0
0
DbtConceptBeginner · 3 min read

What is Source in dbt: Definition and Usage Explained

In dbt, a source is a way to declare and reference raw data tables that exist outside of your dbt models. It helps you document, test, and track these external tables within your dbt project.
⚙️

How It Works

Think of a source in dbt as a label you put on raw data tables that come from outside your dbt transformations, like tables in your data warehouse that you don't build but use. By declaring these sources, dbt knows where your raw data lives and can track it for you.

This is like having a map for your ingredients before you start cooking a recipe. You mark where the raw ingredients (data) are stored so you can use them confidently in your recipes (models). It also allows dbt to run tests on these sources to make sure the raw data is healthy before you transform it.

💻

Example

Here is a simple example of how to declare a source in dbt and reference it in a model.
yaml and sql
version: 2
sources:
  - name: raw_data
    tables:
      - name: customers
        description: "Raw customer data from the CRM system"

-- In a model file (e.g., models/my_customers.sql)
select * from {{ source('raw_data', 'customers') }}
Output
This code does not produce direct output but allows dbt to reference the 'customers' table from the 'raw_data' source in your SQL model.
🎯

When to Use

Use source declarations when you want to manage and document raw tables that your dbt models depend on but do not create. This is common when you have data landing in your warehouse from external systems like CRMs, ERPs, or logs.

Declaring sources helps you add tests to check data freshness and quality before transformations.
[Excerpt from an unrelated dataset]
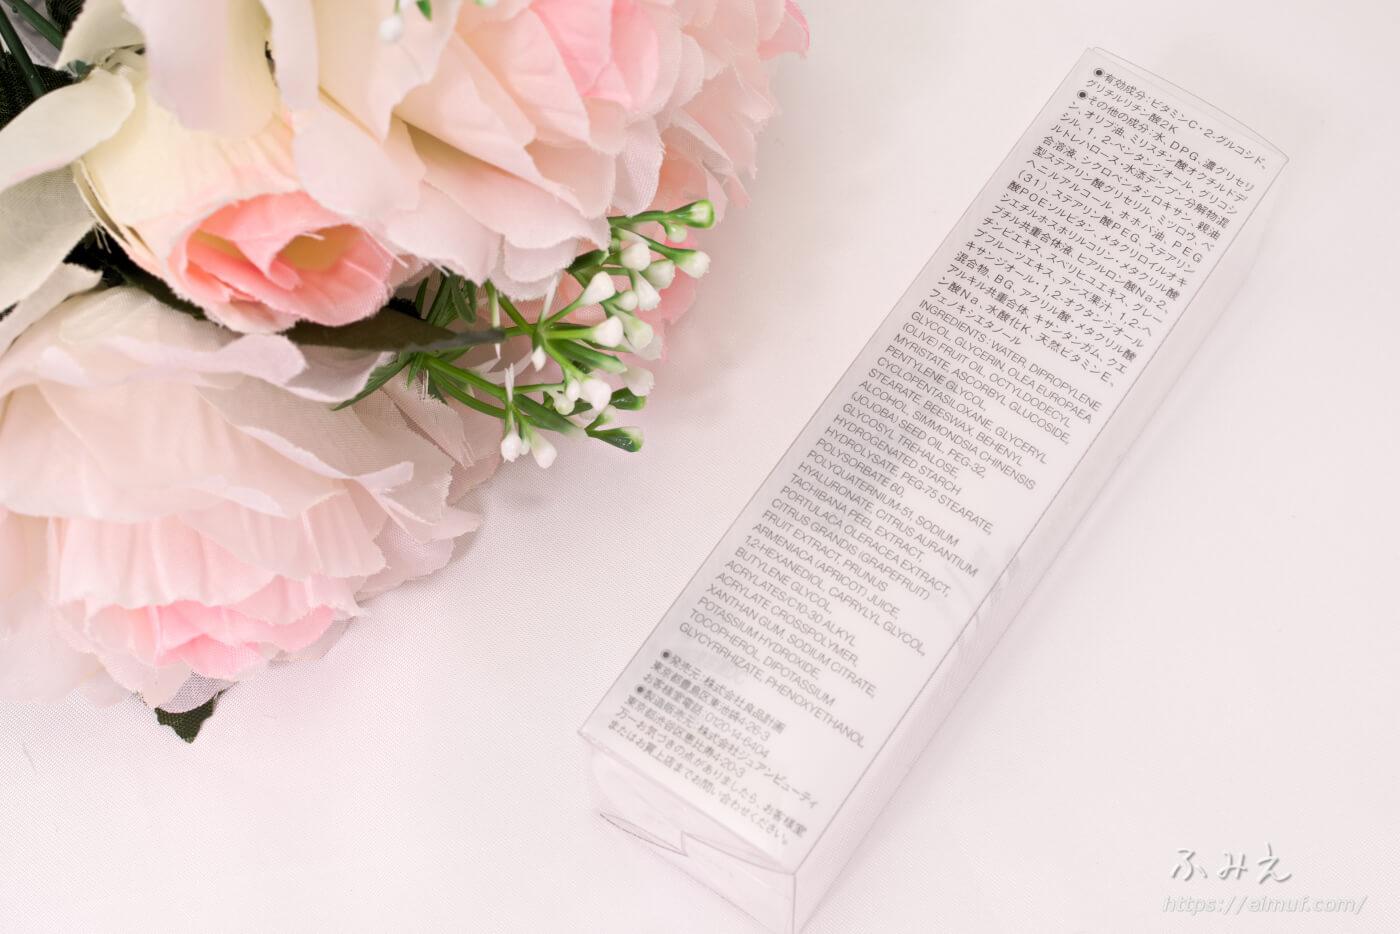 無印良品 敏感肌用 薬用美白美容液 パッケージ側面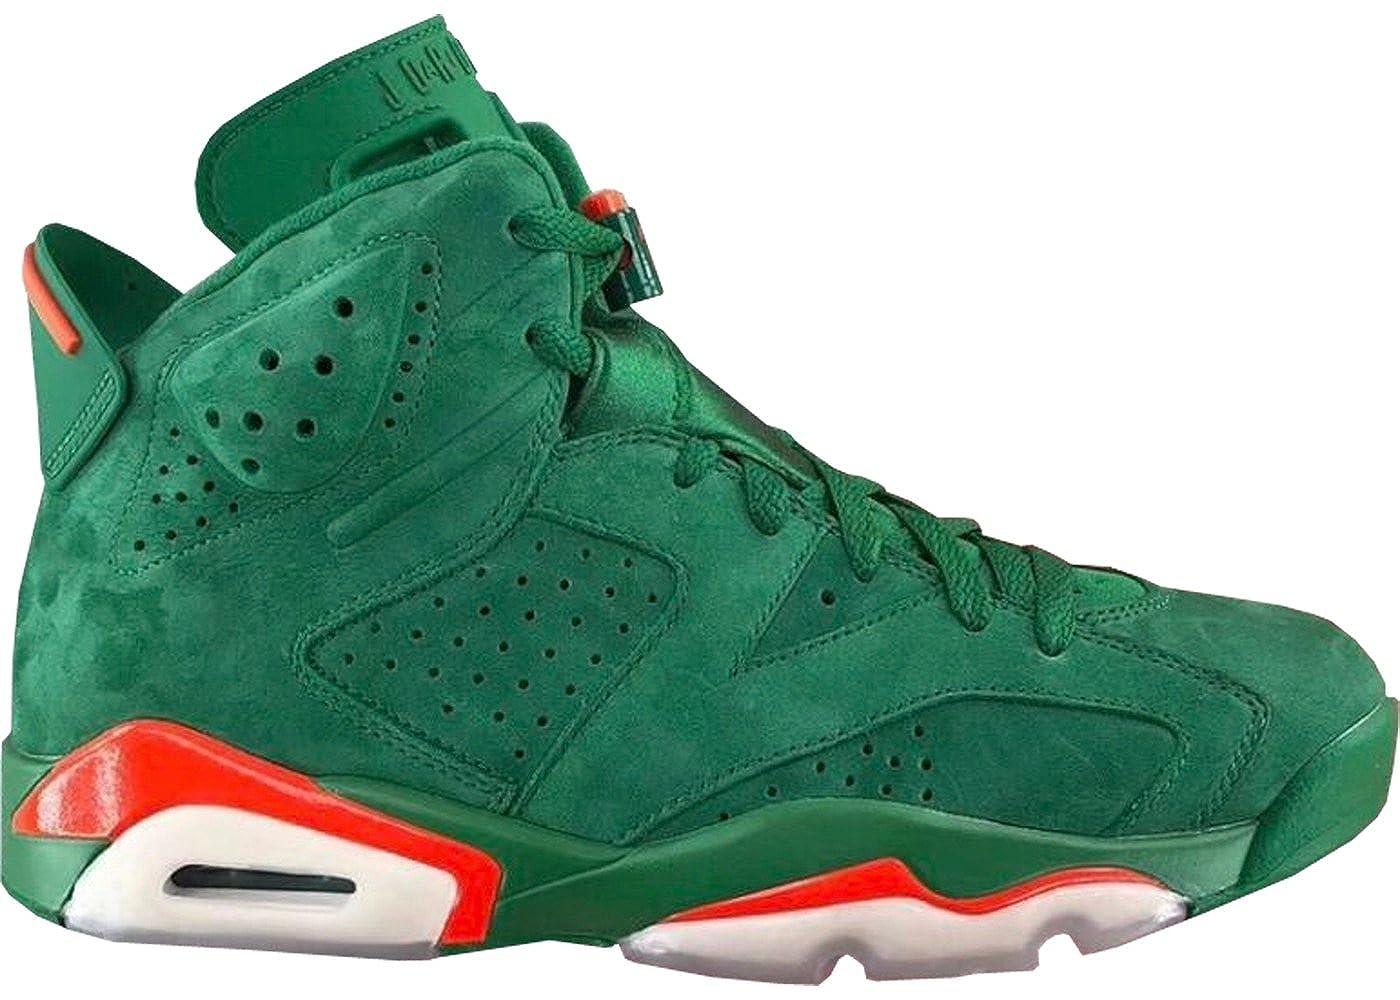 [ナイキ] Air Jordan 6 Gatorade Green AJ5986-335 US 11   B079B6XN9D

It also improves project clarity by showing where data originates, which is useful for collaboration and debugging.

Key Points

  • Source declares external raw tables in your dbt project.
  • It helps with documentation and testing of raw data.
  • Use {{ source('source_name', 'table_name') }} to reference sources in models.
  • Sources improve data lineage and project clarity.

Key Takeaways

A source in dbt marks raw tables outside your transformations for easy reference and testing.
Declaring sources helps ensure data quality before using it in models.
Use sources to document where your raw data comes from in your project.
Refer to sources in SQL models with the source() function for clear lineage.